Run Full Benchmark Suite
Run Full Benchmark Suite
Overview
Flow ID: run-full-benchmark
Category: Performance Benchmarking
Estimated Duration: 15-60 minutes (depends on models and hardware)
User Role: All Users (though technical users benefit most)
Complexity: Moderate
Purpose: This flow enables users to run comprehensive performance tests on their AI models to understand how well they perform on their specific hardware. Benchmarking measures speed, throughput, latency, and resource usage across various test scenarios, helping users make informed decisions about model selection and configuration.
Trigger
What initiates this flow:
- User manually initiates
Specific trigger: User wants to test model performance, typically because:
- They just uploaded a new model and want to know how it performs
- They want to compare different models to choose the best one
- They’re experiencing performance issues and want diagnostic data
- They want to optimize settings (context window, memory allocation)
- They’re documenting system capabilities for deployment planning
Prerequisites
Before starting, users must have:
- Application installed and running
- At least one chat model uploaded
- At least one embedding model uploaded (for full suite)
- Optional: Dataset uploaded for embedding tests
- Time to let tests run uninterrupted (15-60 minutes)

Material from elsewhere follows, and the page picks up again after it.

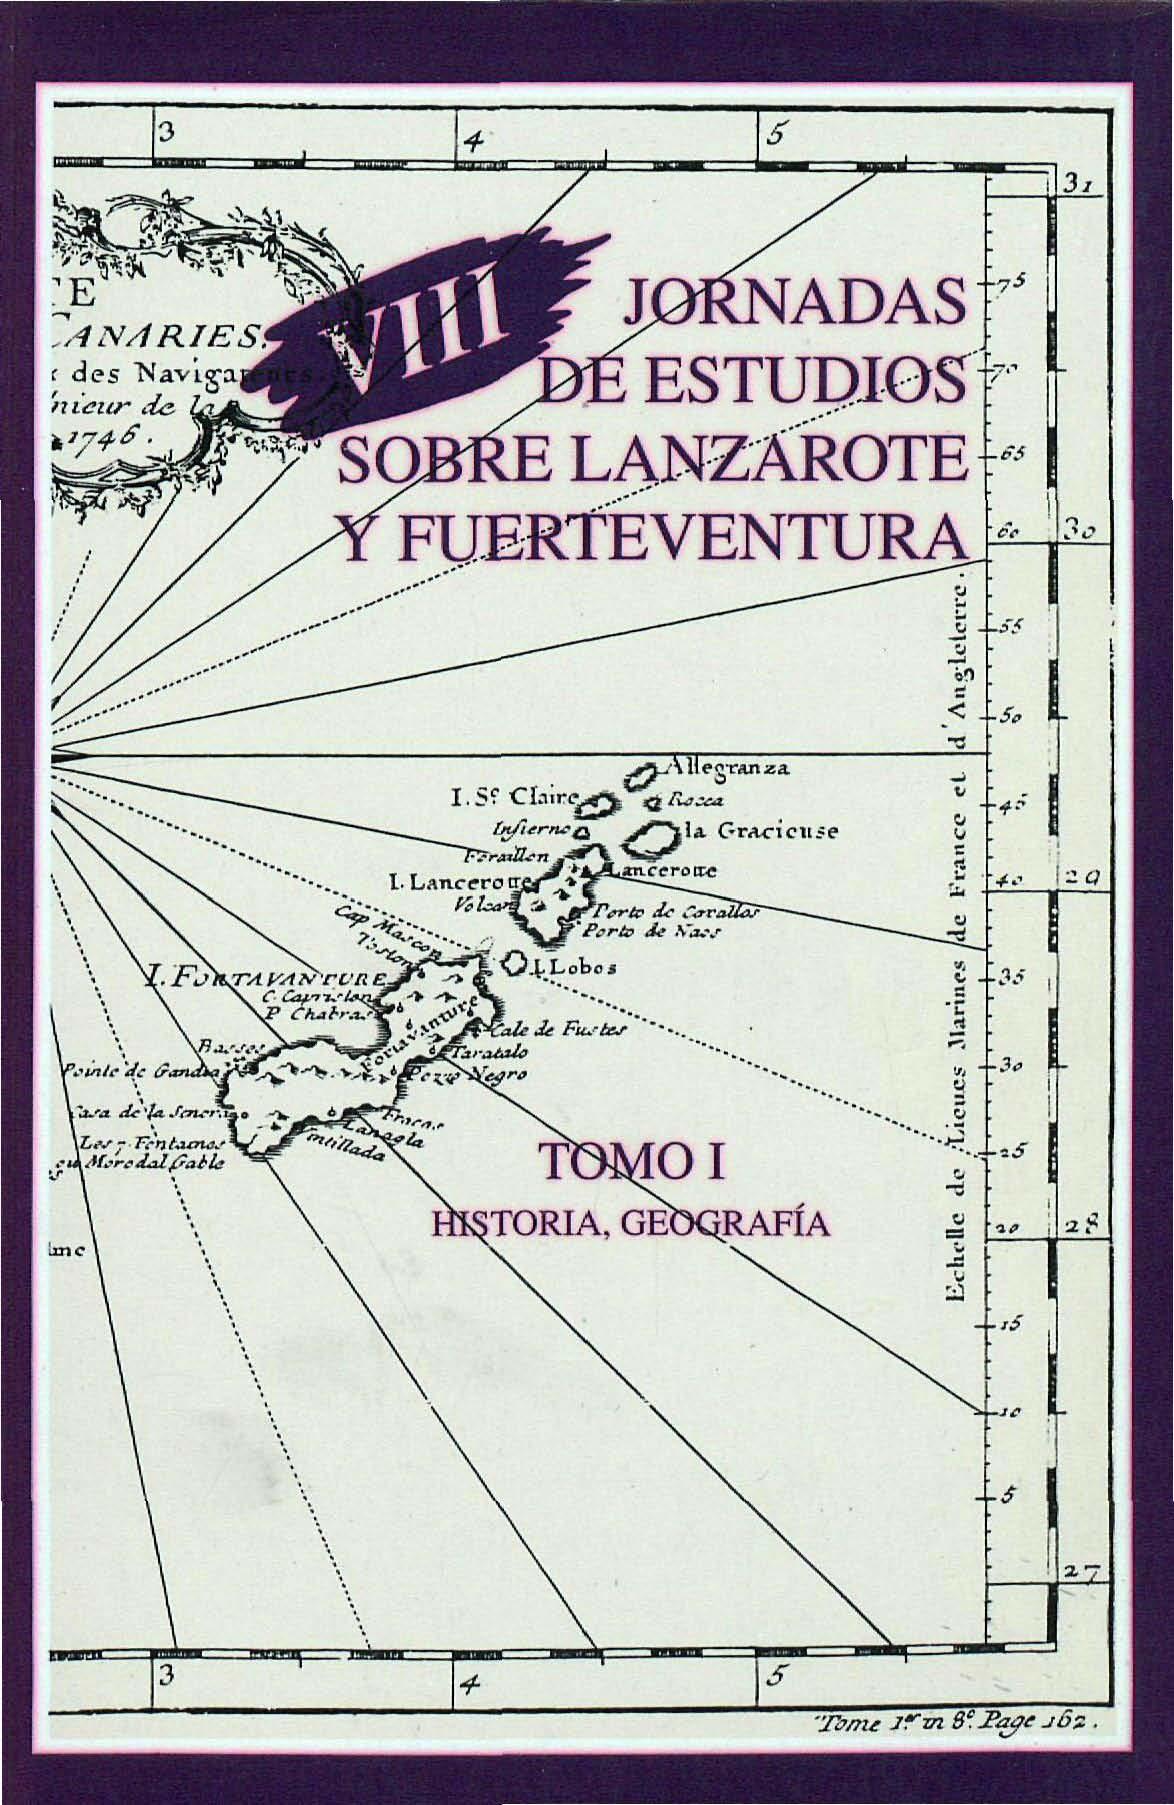 Desplazamientos poblacionales y reestructuración del hábitat en Lanzarote, entre 1730-1736

- Application window should remain open and in focus (recommended)
User Intent Analysis
Primary Intent
Measure and document how well AI models perform on the current hardware to make informed decisions about model selection, configuration, and deployment.
Secondary Intents
- Compare multiple models to identify the best one
- Identify performance bottlenecks
- Validate hardware capabilities before production use
- Generate performance reports for documentation
- Optimize settings based on measured data
- Troubleshoot slow performance issues
Subintents
- Understand tokens per second (speed) for different scenarios
- Measure memory usage and resource consumption
- Test context window handling
- Validate stability under load
- Collect data for future reference
Step-by-Step Flow
Main Path (Happy Path)
Step 1: Navigate to Benchmarking Section
- User Action: Click “Settings” in navigation, then click “Benchmarking” tab
- System Response: Benchmarking page loads
- UI Elements Visible:
- “Benchmarking” tab highlighted
- Page divided into two main areas:
- Left panel: System information and status
- Right panel: Benchmark results tables
- “Run Benchmark” button (prominent, likely blue)

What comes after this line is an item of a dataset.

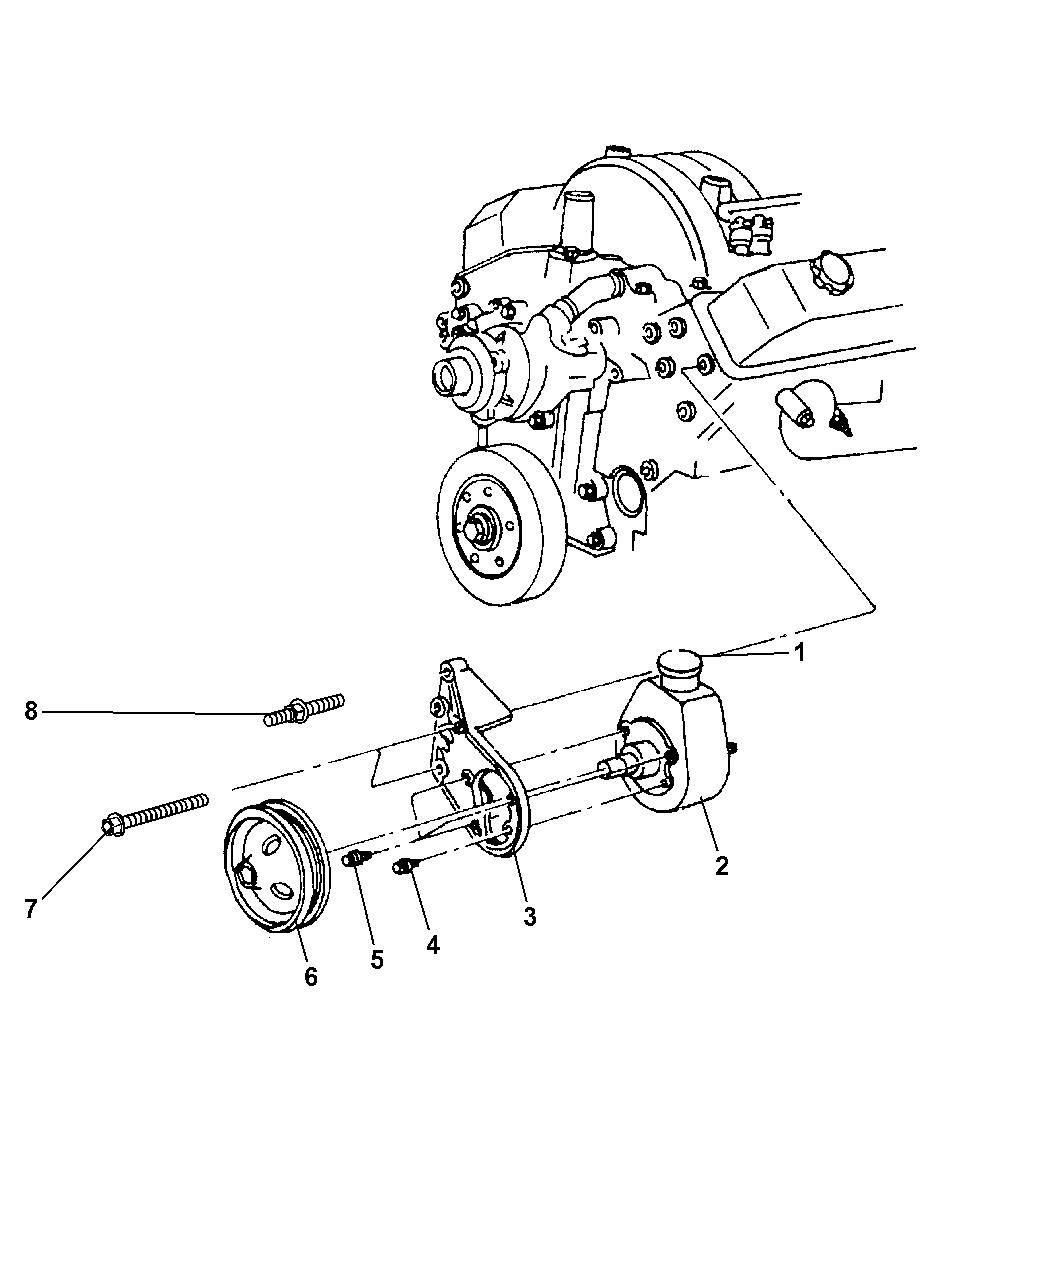 Dodge Durango 5 9l Engine Diagram. Dodge. Auto Wiring Diagram

- System hardware information displayed
- Any previous benchmark results shown in tables
- Visual Cues:
- Clean dashboard layout
- Clear call-to-action button
Step 2: Review System Information
- User Action: Review system specs displayed in left panel
- System Response: Hardware information shown
- UI Elements Visible:
- System info card showing:
- Operating System
- CPU model and core count
- RAM amount
- GPU information (model, VRAM)
- NPU availability (Yes/No)
- Current date/time
- Previous benchmark date (if any)
- System info card showing:
- Visual Cues:
- Clean card layout
- Icons for each hardware component
- Clear labels
Step 3: Check Models Configured
- User Action: Verify which models will be tested (shown in results table or header)

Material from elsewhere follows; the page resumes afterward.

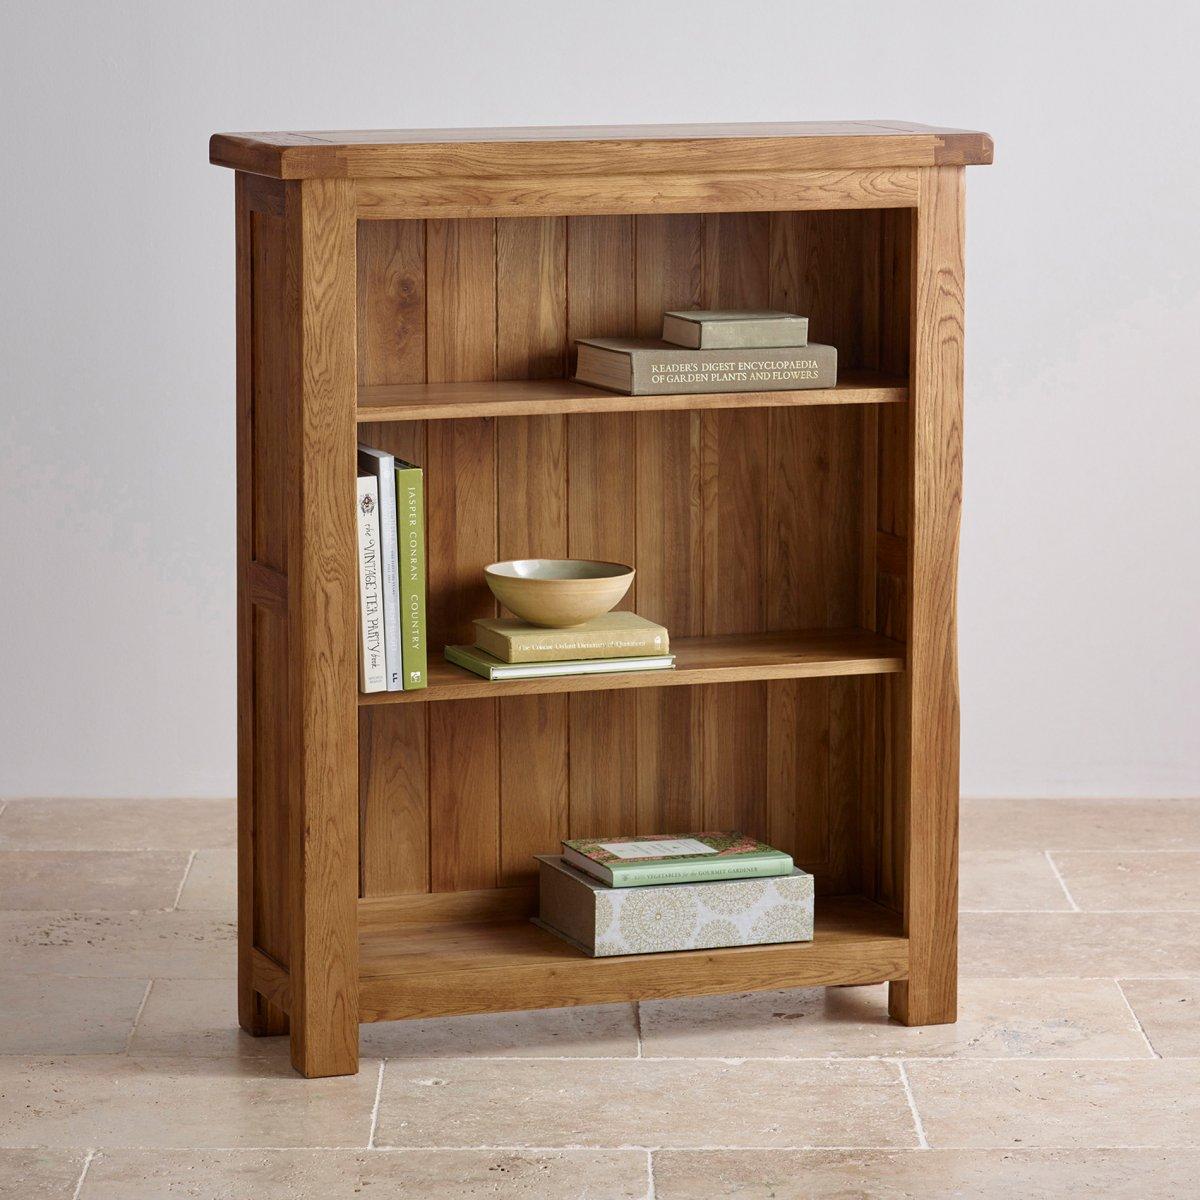 Original Rustic Small Bookcase in Solid Oak | Oak ...

- System Response: Displays models that will be benchmarked
- UI Elements Visible:
- Model sections in results table:
- Chat model section (e.g., “Llama-3-8B”)
- Embedding model section (e.g., “Jina Embeddings”)
- Each model has expandable test categories
- Status indicators for each test (Pending, Completed, etc.)
- Model sections in results table:
- Visual Cues:
- Model names in section headers
- Expandable arrows or indicators
Step 4: Initiate Benchmark
- User Action: Click “Run Benchmark” button
- System Response:
- Button changes to “Running…” or becomes disabled
- Loading model phase begins
- System info panel updates to show “Running” status
- Progress information appears
- Stop button becomes available
- UI Elements Visible:
- “Stop Benchmark” button replaces “Run Benchmark”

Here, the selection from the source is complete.